To compare the treatment effects on viability of purslane seeds, nutsedge tubers, V. dahliae, and P. ultimum levels, the nonparametric Kruskal-Wallis tests were used to avoid the assumptions of normality and homogeneity of variance. For pairwise comparisons, the pairwise Wilcoxon rank sum tests were implemented (Hollander and Wolfe, 1973). To respect a fixed significance level in the multiple comparisons (α = 0.05), P values were adjusted using the correction method suggested by Benjamini and Hochberg (1995). Similar analyses were performed for cumulative weed density and biomass. To compare plant vigor and plant canopy, the mean separation was performed using Duncan’s multiple range test, and their estimated mean was graphically presented. These analyses were performed using SPSS 20.0 for Windows (SPSS Inc., Chicago, IL) and R version 4.0.2 (R Core Team, 2019).
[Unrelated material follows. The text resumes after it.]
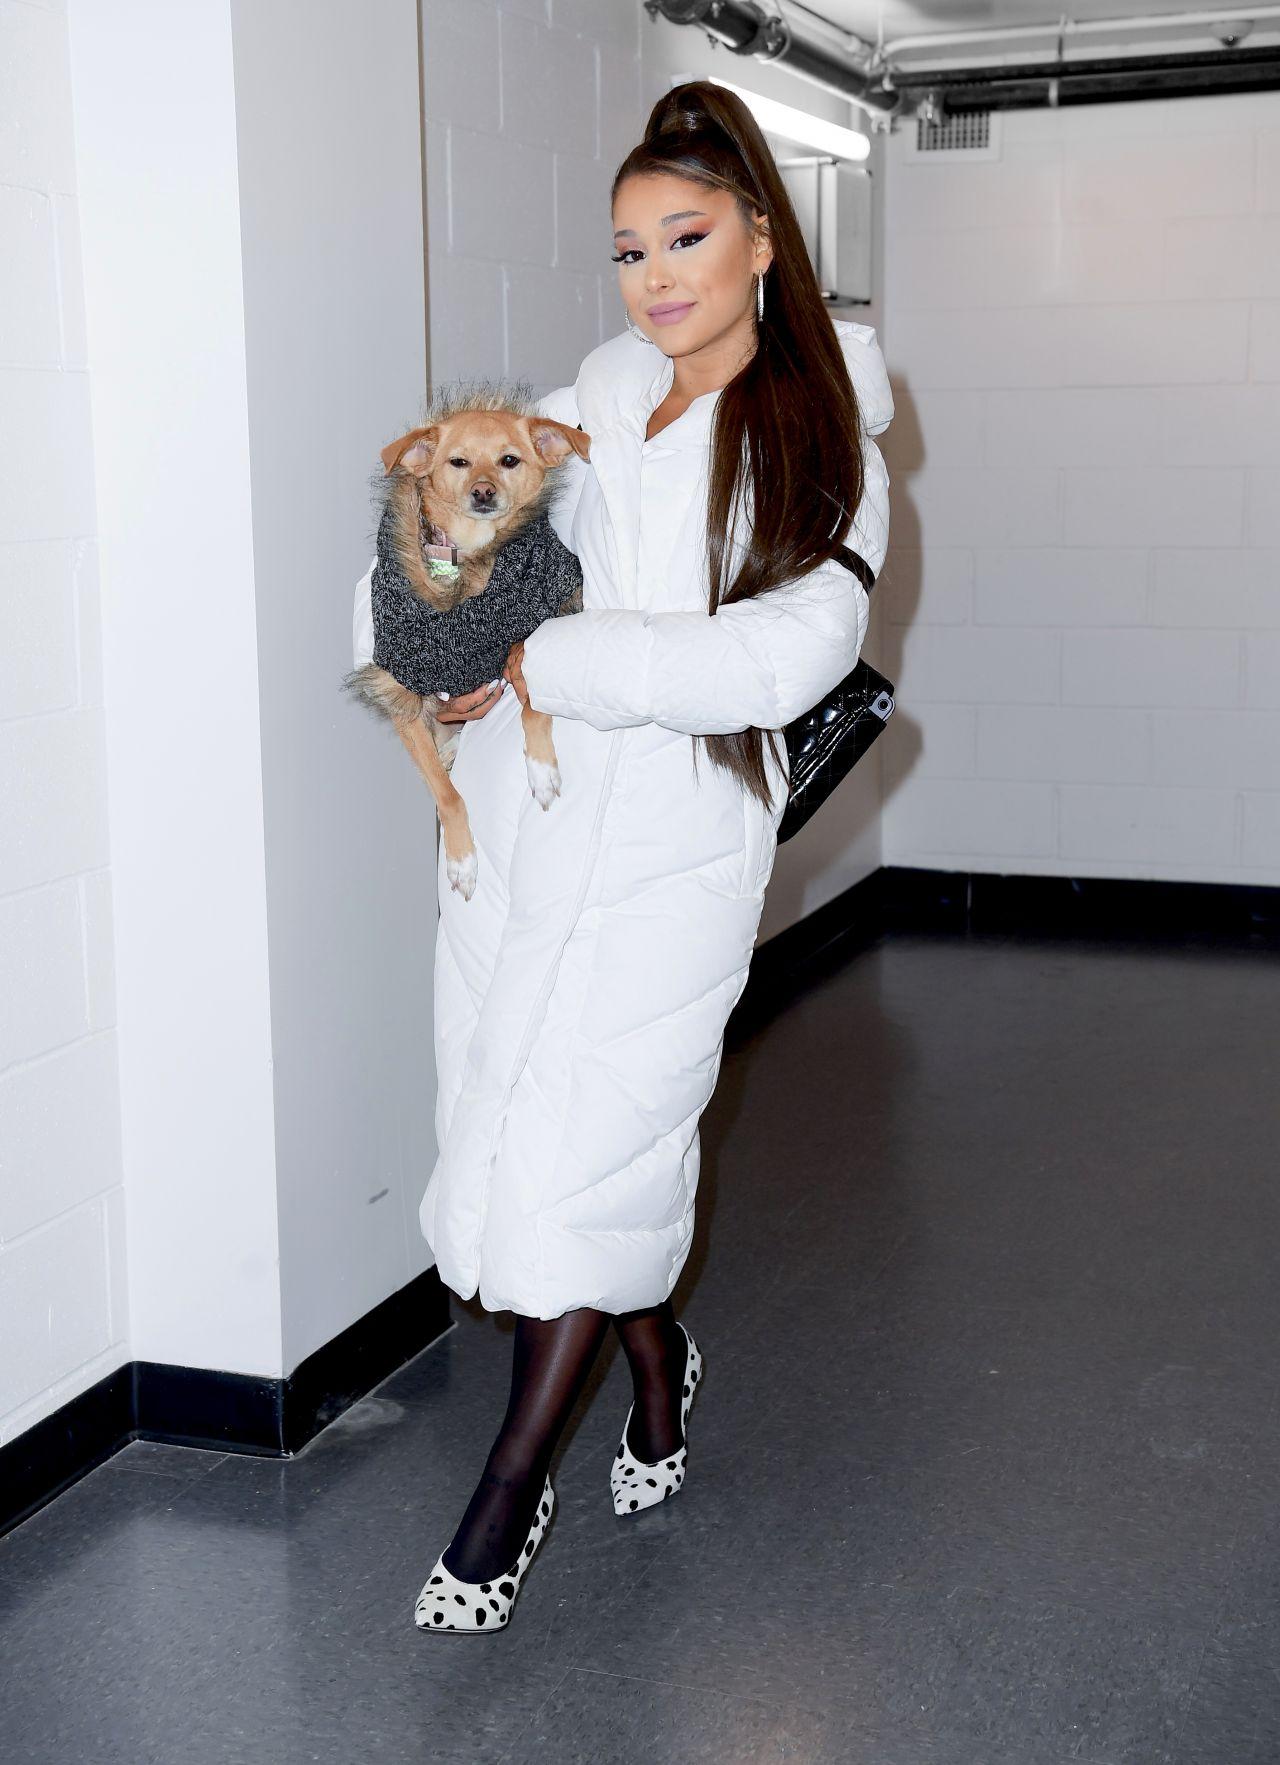 Ariana Grande - Backstage at Her Sweetener World Tour ...

The marketable fruit yield was compared among treatments using a mixed-effect model. The mixed-effect model considered both random effects due to observing the same experimental unit over time and fixed effects due to treatment effects. Under the model the rate of expected cumulative yield of each treatment was compared with the nontreated control and among the treatments. For a graphical demonstration, the cumulative total and marketable fruit yield were plotted with respect to the time since the beginning of harvest season (15 Apr. 2019 for the first season and 27 Apr. 2020 for the second season). These analyses were performed by R version 4.0.2 (R Core Team, 2019).

Results

Soil temperature.

Time above 60 °C during the first hour in both steam treatments in the 2018–19 trial was 58.5, 58.5, and 59.5 min at the 10, 20, and 25 cm depths, respectively (Table 1). Time above 60 °C during the first hour in the steam-alone treatment in the 2019–20 trial was 59.5, 59.5, and 60.0 min at 10, 20, and 25 cm depths, respectively. Time above 60 °C at 10- and 20-cm depths in steam + MSM treatment was almost the same as that in the steam-alone treatment except at 25-cm depth where time above 60 °C was 30.5 min (Table 1).

Table 1.

The duration of the soil temperature for the first hour after steam application.

Table 1.

Pest control.

Steam, steam + MSM, and chloropicrin reduced viability of purslane seed, nutsedge tubers, and V. dahliae (Table 2) compared with the nontreated control and MSM alone. Similar patterns were shown for P. ultimum levels (Table 3); however, steam, steam + MSM, and chloropicrin were not different because P. ultimum levels were low in the nontreated control and MSM alone in the 2019–20 trial. The pest control efficacy of the steam treatment was similar to chloropicrin.

Table 2.

Viability of purslane seeds and nutsedge tubers and microsclerotia density of Verticillium dahliae.

Table 2.
Table 3.

Propagule density of Pythium ultimum before and a week after treatment.

Table 3.

Weeds present were California burclover (Medicago polymorpha) and common groundsel (Senecio vulgaris) in the 2018–19 trial and burning nettle (Urtica urens), chickweed (Stellaria media), henbit (Lamium amplexicaule), lesser swinecress (Lepidium didymum), and perennial ryegrass (Lolium perenne) in the 2019–20 trial. The multiple comparisons in the 2018–19 trial showed that there was no significant difference between treatments at α = 0.05. The multiple comparisons in the 2019–20 trial showed that the effects of the steam alone, steam + MSM, and chloropicrin had lower weed densities and fresh weights compared with the nontreated control and MSM alone (Table 4).

Table 4.

The cumulative season-long weed densities and biomass.

Table 4.

Plant growth.

The vigor estimates and plant diameter measurements indicated that strawberry plants in the steam + MSM treatment in the 2018–19 trial were larger and more vigorous than those in the other treatments. Strawberry plants in the steam alone, steam + MSM, and chloropicrin treatments in the 2019–20 trial were greater than those in the nontreated control and MSM alone (Figs. 2 and 3). Strawberry plants in all treatments grew rapidly between March and April of the 2018–19 trial and February and March of the 2019–20 trial (Fig. 3). The plant diameter in the steam and steam + MSM treatments in the 2019–20 trial, especially, grew faster than the nontreated control and MSM treatment. The plants in the steam, steam + MSM, and chloropicrin treatments were larger than the nontreated control and MSM alone treatment during both seasons.

Fig. 2.
Fig. 2.

Vigor estimates of strawberry plants in 2019 (left) and 2020 (right). The data are means of four replications.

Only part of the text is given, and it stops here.